In May 2023, the Hywind Tampen floating offshore wind farm started supplying power to the Snorre platform.

==Production==
Snorre A platform in the south is a floating steel facility for accommodation, drilling and processing. Snorre A has also a separate process module for production from the Vigdis field. A subsea template with ten well slots, Snorre UPA, is located centrally in the field and connected to Snorre A. Oil and gas from Snorre A is piped to the nearby Statfjord A platform for final processing.

Snorre B platform is located in the northern part of the field and is a semi-submersible integrated drilling, processing and accommodation steel facility. Oil from Snorre B is piped 45 km to Statfjord B platform for storage and export.

The Snorre field is operated by Statoil. In 2009, Statoil started a project to upgrade the offshore production complex. The Norwegian Petroleum Directorate is requesting Statoil to build a new platform at the field.

On 12 December 2020, the Snorre Expansion Project in the North Sea started production.

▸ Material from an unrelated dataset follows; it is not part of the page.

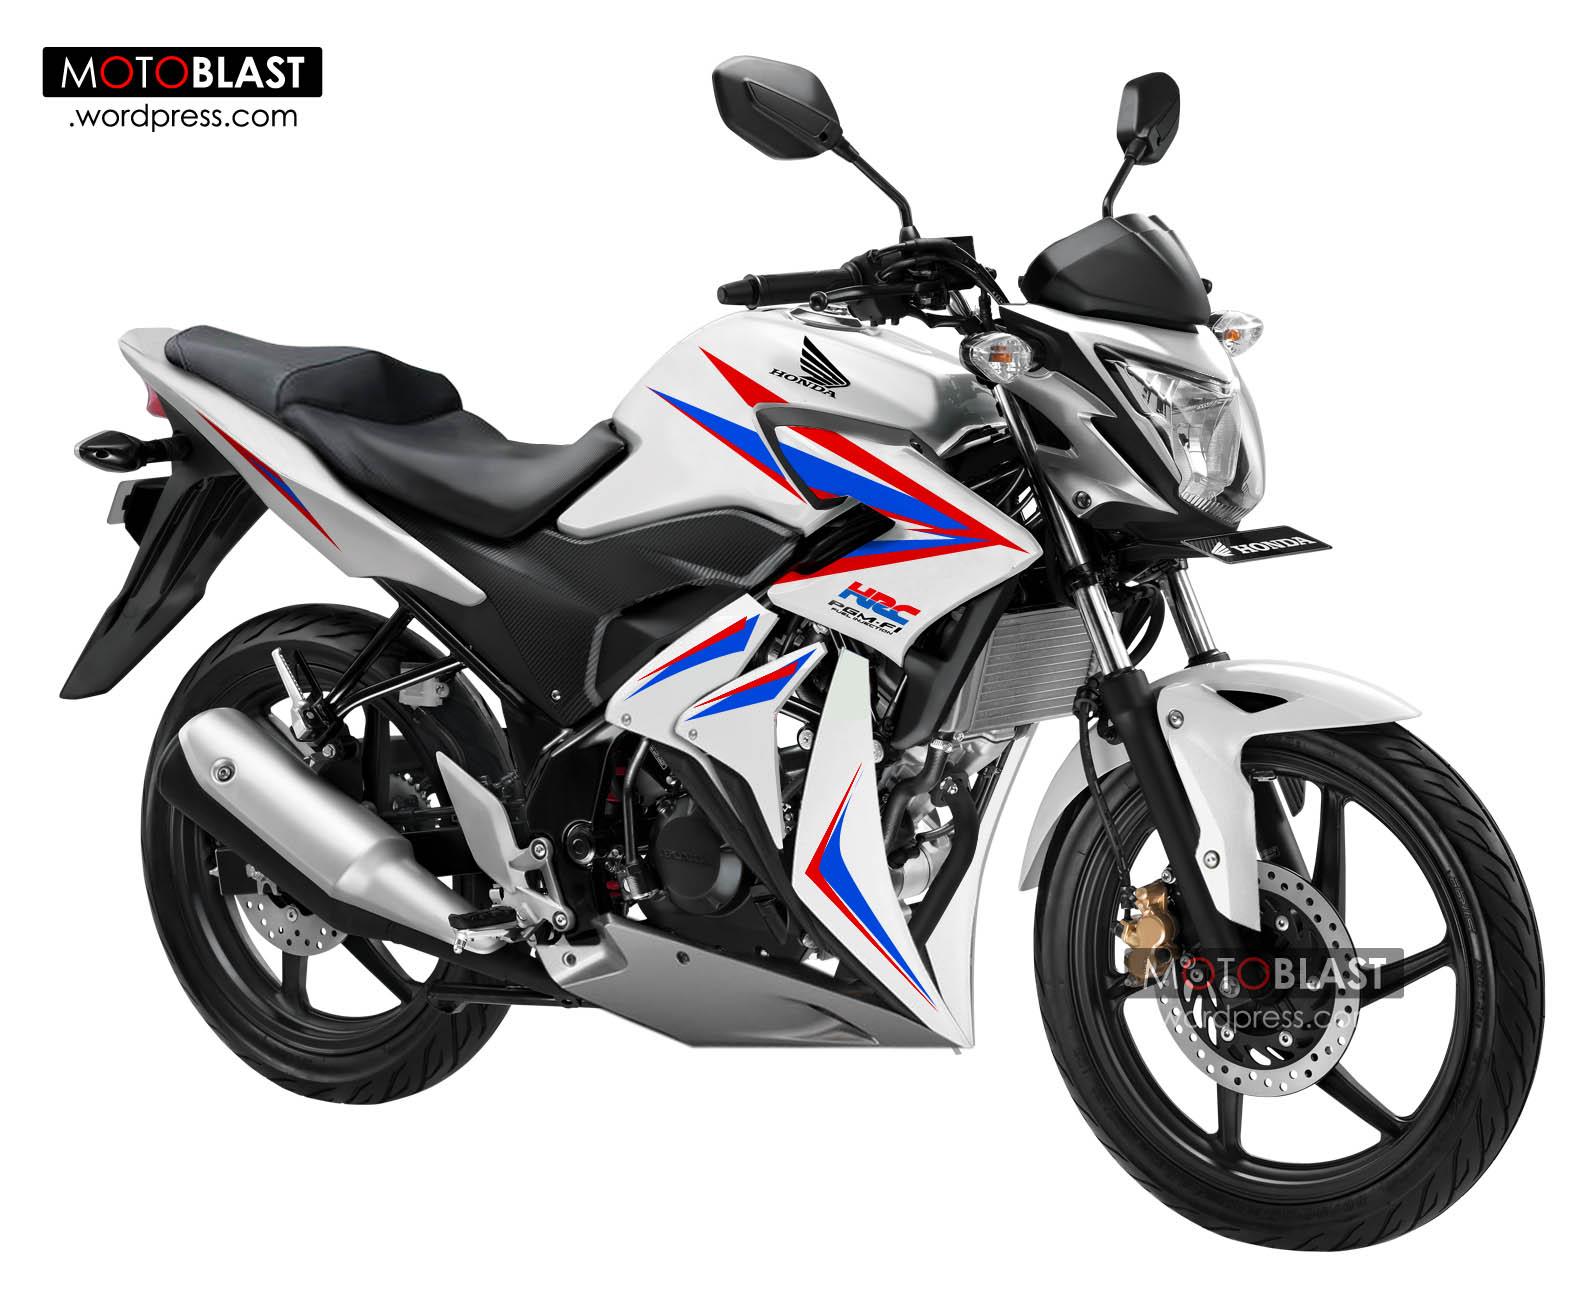 cb150r-white-modif-single-seat-undercowl-dan-half-fairing-striping-fireblade
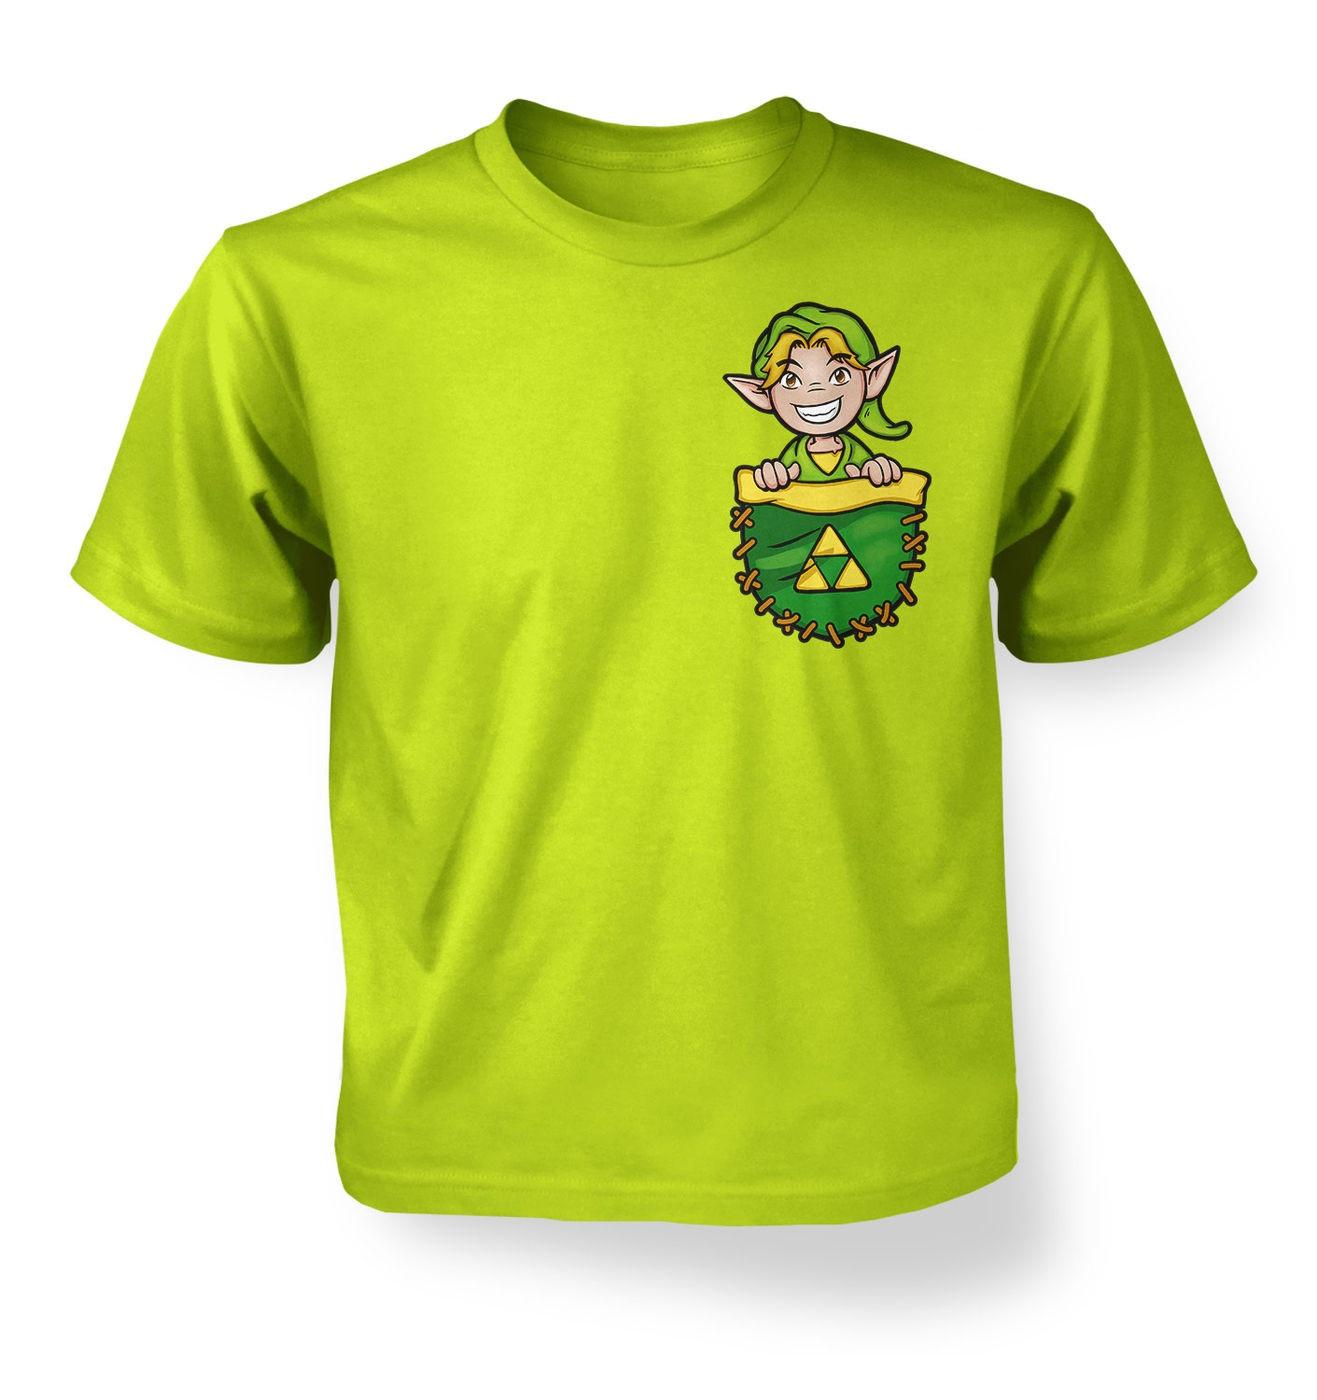 Pocket Hyrule Warrior kids t-shirt by Something Geeky

The major Increased Oil Recovery project was to add nearly 200 million barrels of recoverable oil reserves besides extending the Snorre field's productive life through 2040.

Multiple efforts to enhance oil recovery over several years make Snorre perhaps the largest improved oil recovery project on the Norwegian shelf.

==Reserves==
The reserves consist of 1.6 Goilbbl of oil, 6.7 e9m3 of natural gas, and 4.8 million tons of natural gas liquids.